We are looking into a sort of sea cave, shining with internal color. Its walls are covered with a wobbly grid of large tiles: yellow, viridian, mauve-flecked with rose madder. The floor is all sea-green and turquoise speckles, but it's hard to say exactly what color any patch of the gelatinous mosaic is because each is so modified by contrasting touches within its small boundaries. The biggest shape in this aquarium light rises diagonally across the picture: a bath, like an immense open oyster, in which floats the body of a woman, all legs, shining indistinctly in the water. She seems in a trance--her face can't be read as a face but more as a spongy clump of jeweled paint. She is as indifferent as coral, not posing but tenderly spied on.
Pierre Bonnard is looking at his wife in the bath for the zillionth time. He will finish the picture in 1946, the year before his death at age 80. By then his wife Marthe, who was only two years younger than he, will have been dead for four years. But he is still imagining and painting her with the body of a 30-year-old. No wonder the bath in which she floats, or is embalmed, has reminded writers of a coffin.
The current Bonnard show at the Museum of Modern Art in Manhattan, which includes this painting and some 80 others, is a compressed version of a larger affair organized last year by art historian Sarah Whitfield at the Tate Gallery in London, and although it suffers somewhat from the absence of some paintings and omits his drawings and early poster designs altogether, the absence is tolerable. What matters is to have Bonnard in view again. He's one of those modernist masters who seem to keep slipping in and out of focus, not unlike some of the objects in his paintings. He doesn't have the commanding presence in modern art history that Picasso or Matisse has, though in some ways he was as great a painter. Each generation has to discover him for itself, and each time he's a surprise.

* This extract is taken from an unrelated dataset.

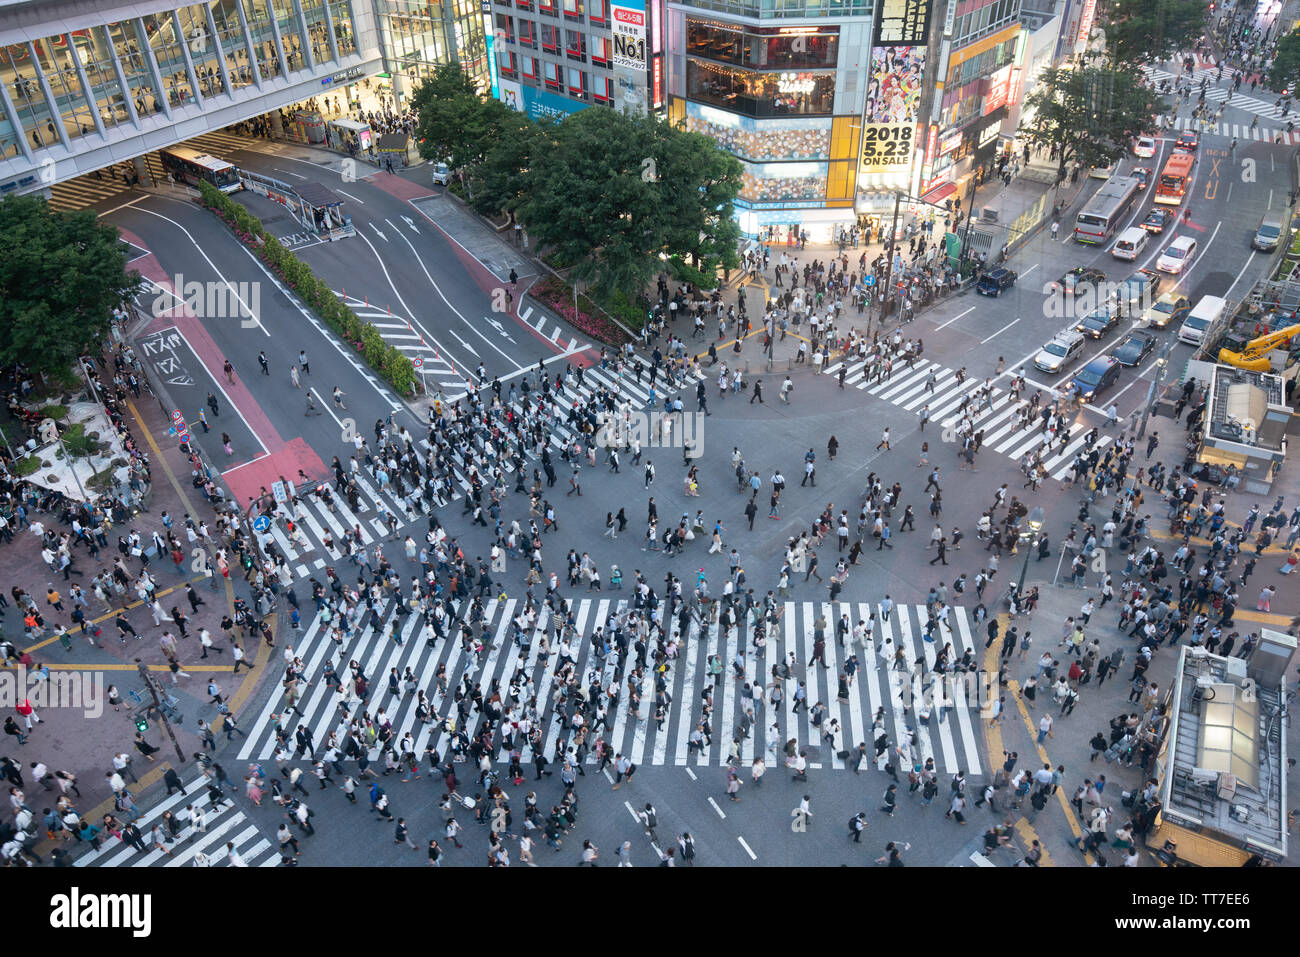 TOKYO, Japan - 16. MAI 2018: Fußgänger an zebrastreifen Stadtteil Shibuya in Tokio, Japan. Shibuya Crossing ist einer der verkehrsreichsten Fussgängerstreifen in der Welt Stockfoto

Bonnard's critics--including Picasso, who dismissed his art as "a potpourri of indecision"--have often made the mistake of treating Bonnard as a mere hedonist, with his beautiful color and apparent lack of conceptual underpinning. In this they have been wrong. There was nothing stupid or foolishly pleasurable about Bonnard's work. But Whitfield is right to see Bonnard as an elegiac artist: "He is not a painter of pleasure. He is a painter of the effervescence of pleasure and the disappearance of pleasure."
Bonnard began his career as a member of a young dissident group called the Nabis, or Prophets, that had formed in 1889 in Paris. They believed in taking art down to its essential flat patches of color, strong boundaries, tapestry-like abutments of form and a general emphasis on the decorative. Their prototypes came from Japanese prints and the influence of Paul Gauguin. And they had close ties to Symbolism. Their literary god was the poet Stephane Mallarme, who had conceived of poetry as a structure of words and absences: "To conjure up the negated object, with the help of allusive and always indirect words, which constantly efface themselves in a complementary silence." This was very close to the effect of Bonnard's still lifes and interiors, with their incessant qualification of color within color; their exquisite play of large, vague shapes and smaller, intensely worked ones; and their sense of the instability of perception.